Materials and methods

Cell lines and culture conditions

The human myeloma cell line ANBL-6 (gift from Dr D. Jelinek, Mayo Clinic, Rochester, MN, USA), IH-1 (3), INA-6 (gift from Dr M. Gramatzki, Erlangen, Germany), JJN-3 (gift from Dr J. Ball, Department of Immunology, University of Birmingham, UK), OH-2 (2), RPMI-8226 and U-266 (both from American Type Culture Collection, Rockville, MD, USA) were cultured as previously described (27). The CAG cell line (gift from Dr J Epstein, Little Rock, AK, USA) was grown in RPMI 1640 (Gibco, Paisley, UK) supplemented with l-glutamine 100 μg/mL, gentamicin 20 μg/mL (referred to as RPMI) and 10% heat inactivated fetal calf serum (FCS; HyClone, Logan, UT, USA). The cells were kept at 37°C in a humidified atmosphere containing 5% CO2, and were washed four times in Hanks` balanced salt solution (HBSS; Gibco, Paisley, UK) to deplete them of serum and cytokines before performing experiments.

Patients and healthy individuals; separation of CD138+ plasma cells

Gene expression profiles (GEP) were studied in plasma cells from 351 patients with newly diagnosed multiple myeloma (MM), 12 patients with smouldering multiple myeloma (SMM), 44 patients with monoclonal gammopathy of undetermined significance (MGUS) and 22 healthy individuals. The patients were recruited from University of Arkansas for Medical Sciences, Little Rock, USA, and the use of patient samples in research studies was approved by the University of Arkansas for Medical Sciences (Little Rock, AR) Institutional Review Board. Details about classification of these patients have been previously described (28, 29).

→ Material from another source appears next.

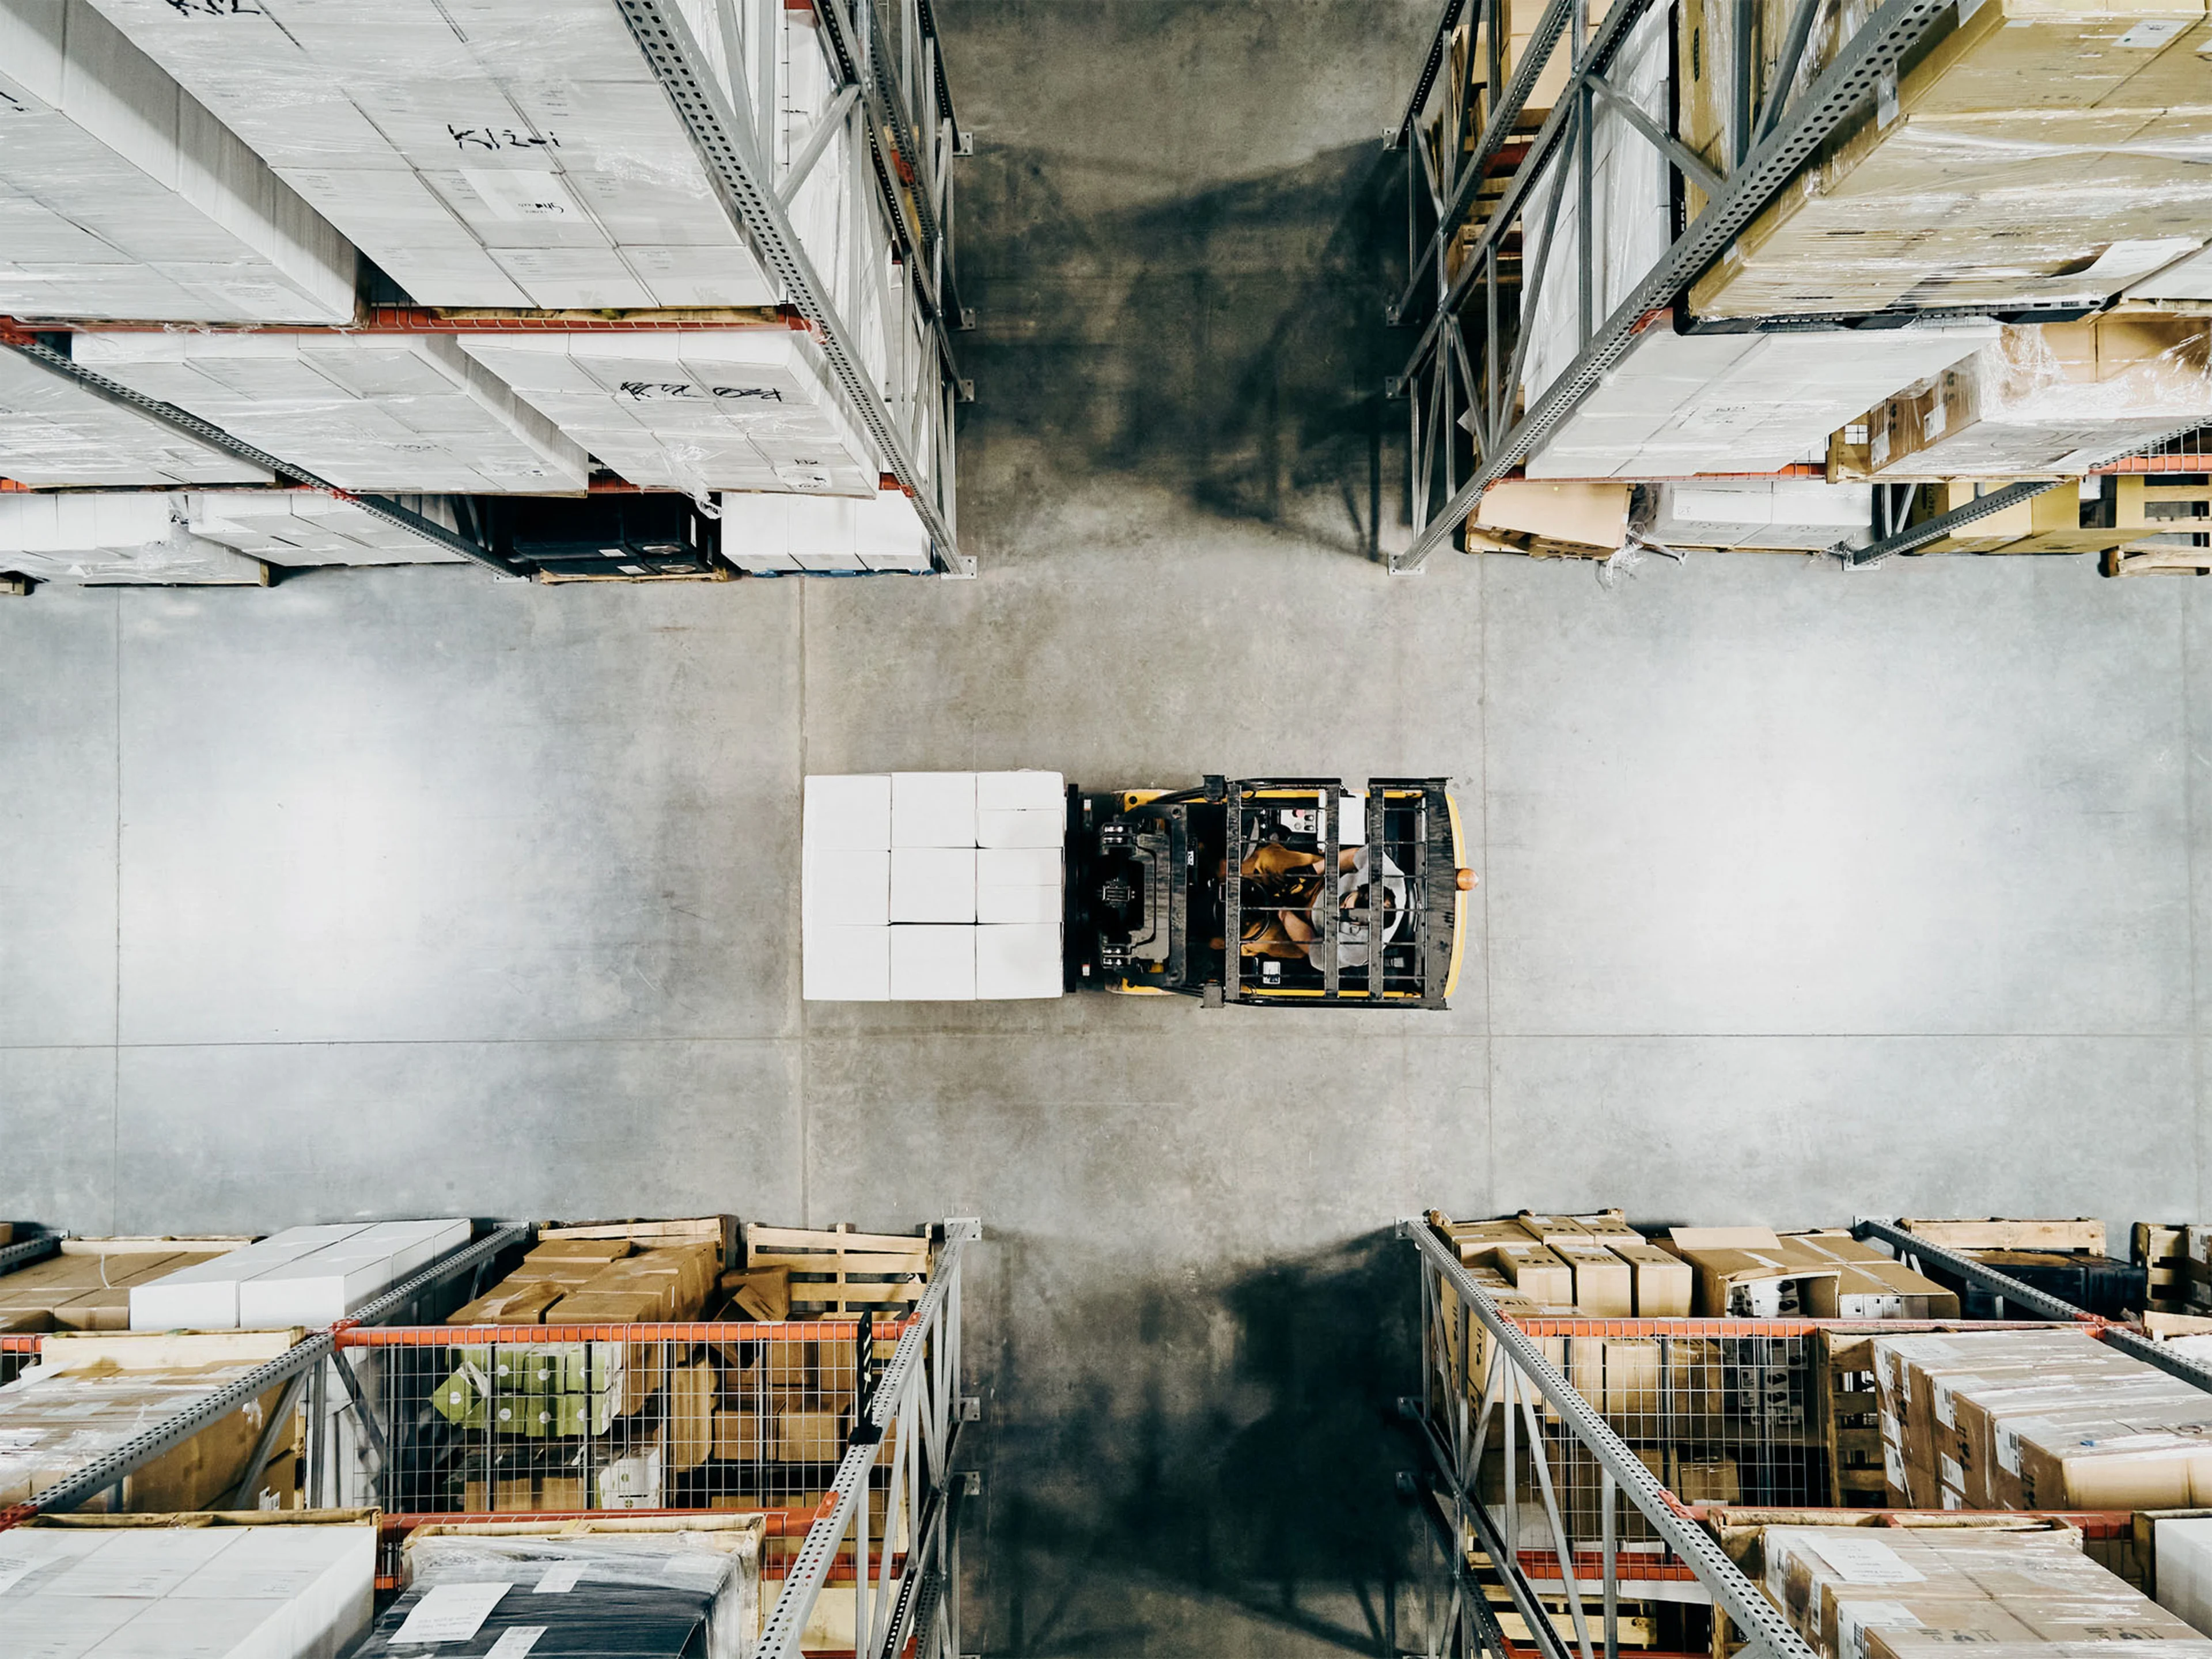 Overhead view of warehouse worker moving pallet of goods with forklift in warehouse.
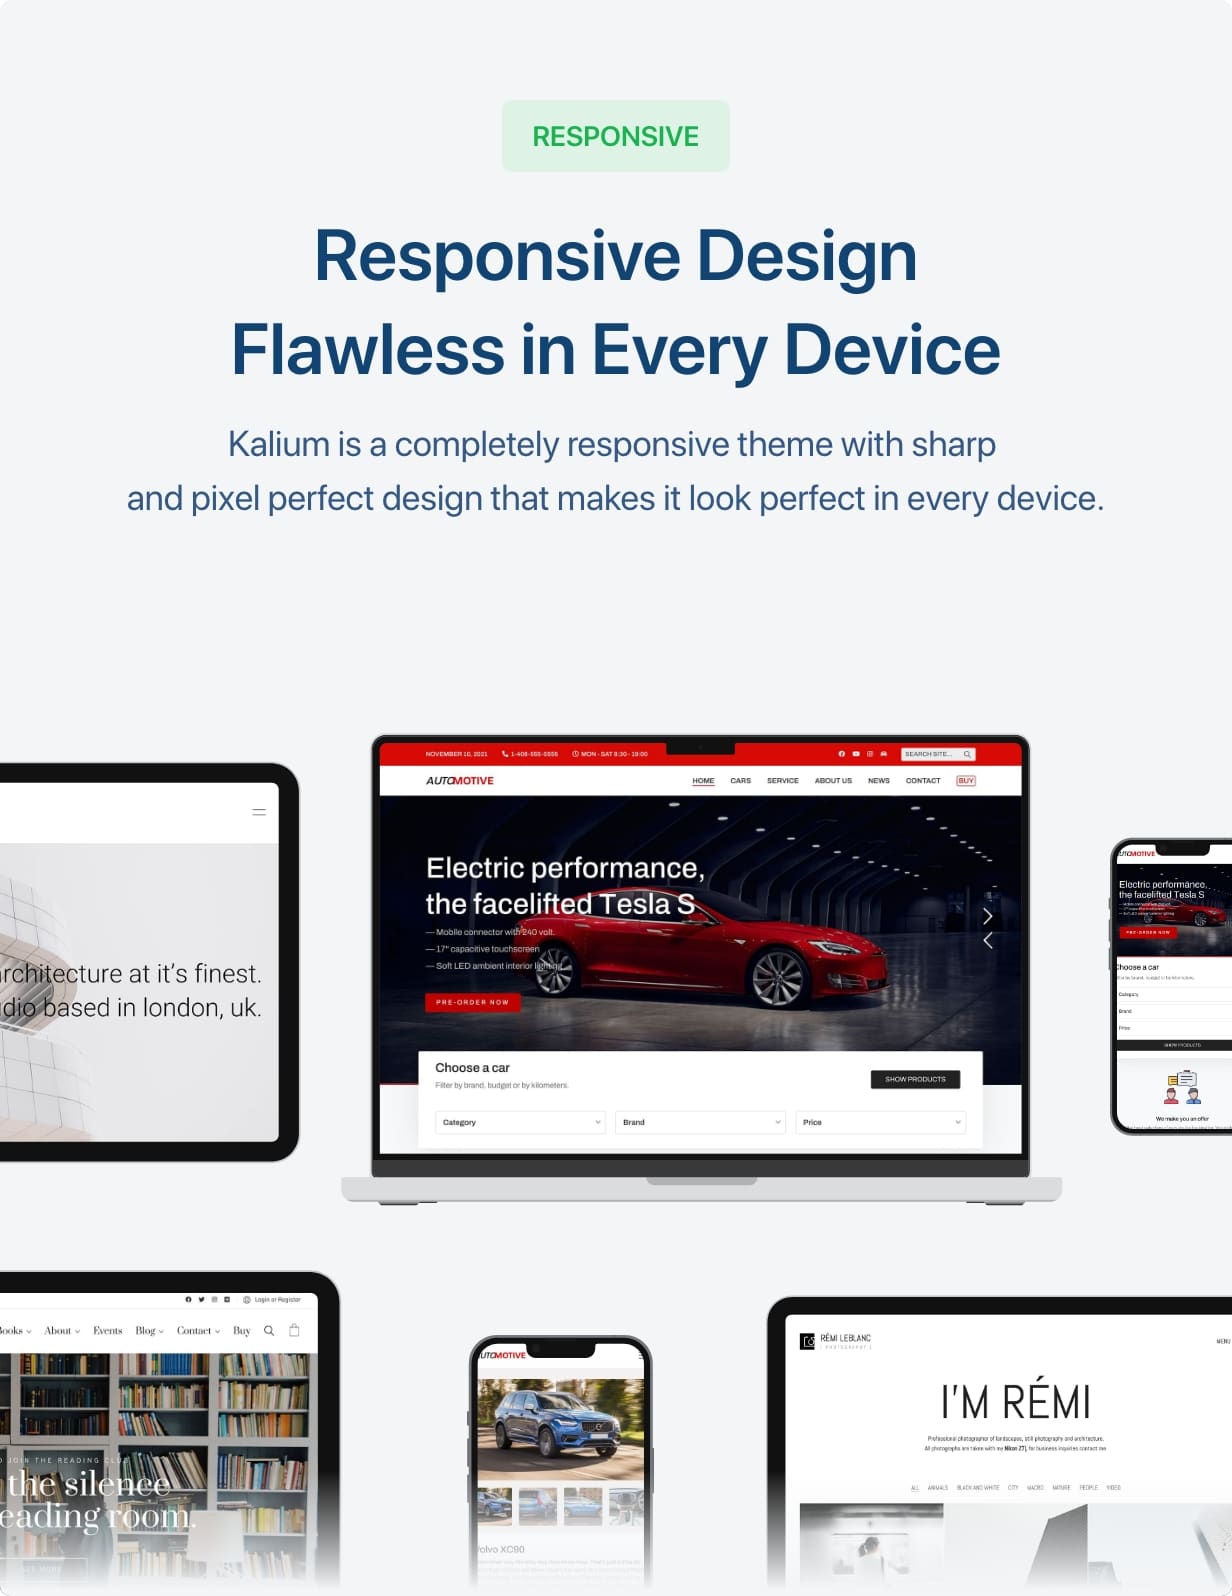 Responsive Design, Flawless in Every Device

We used patient samples from the Norwegian Research Biobank for multiple myeloma for studies of Bcl-3 expression by RT-PCR (10 patients) immunohistochemistry (18 patients with MM and three patients with plasmocytoma), Western blot (eight patients) and cIg-FISH (19 patients). The Norwegian Research Biobank for multiple myleoma has been approved by the Regional Ethics Committee of Middle Norway and Norwegian Health Authorities. All patients have signed informed consent to store samples in the Biobank and to use samples for research purposes. Separation of plasma cells before GEP was done as previously described (28).

Cytokines and antibodies

IL-6 was purchased from Biosource (Camarillo, CA, USA). IL-10, IL-15 and insulin-like growth factor (IGF)-1 were from R&D systems (Abingdon, UK). TNF-α was from Genetech (South San Francisco, CA, USA), and IL-21 was a gift from R.Holly, ZymoGenetics (Seattle, WA, USA). Hepatocyte growth factor (HGF) was purified from a medium conditioned by JJN-3 as described previously (30). All cytokines except HGF were of recombinant human type. Polyclonal anti-Bcl-3 (sc-185), polyclonal anti-p65 (sc-109) and monoclonal anti-p50 (sc-8414) for Western blotting were purchased from Santa Cruz Biotechnologies (Santa Cruz, CA, USA). Monoclonal anti-GAPDH and anti-Lamin B used as loading controls on Western blots were purchased from Abcam (ab8245; Cambridge, UK) and Calbiochem (Cat#NA12; Darmstadt, Germany), respectively.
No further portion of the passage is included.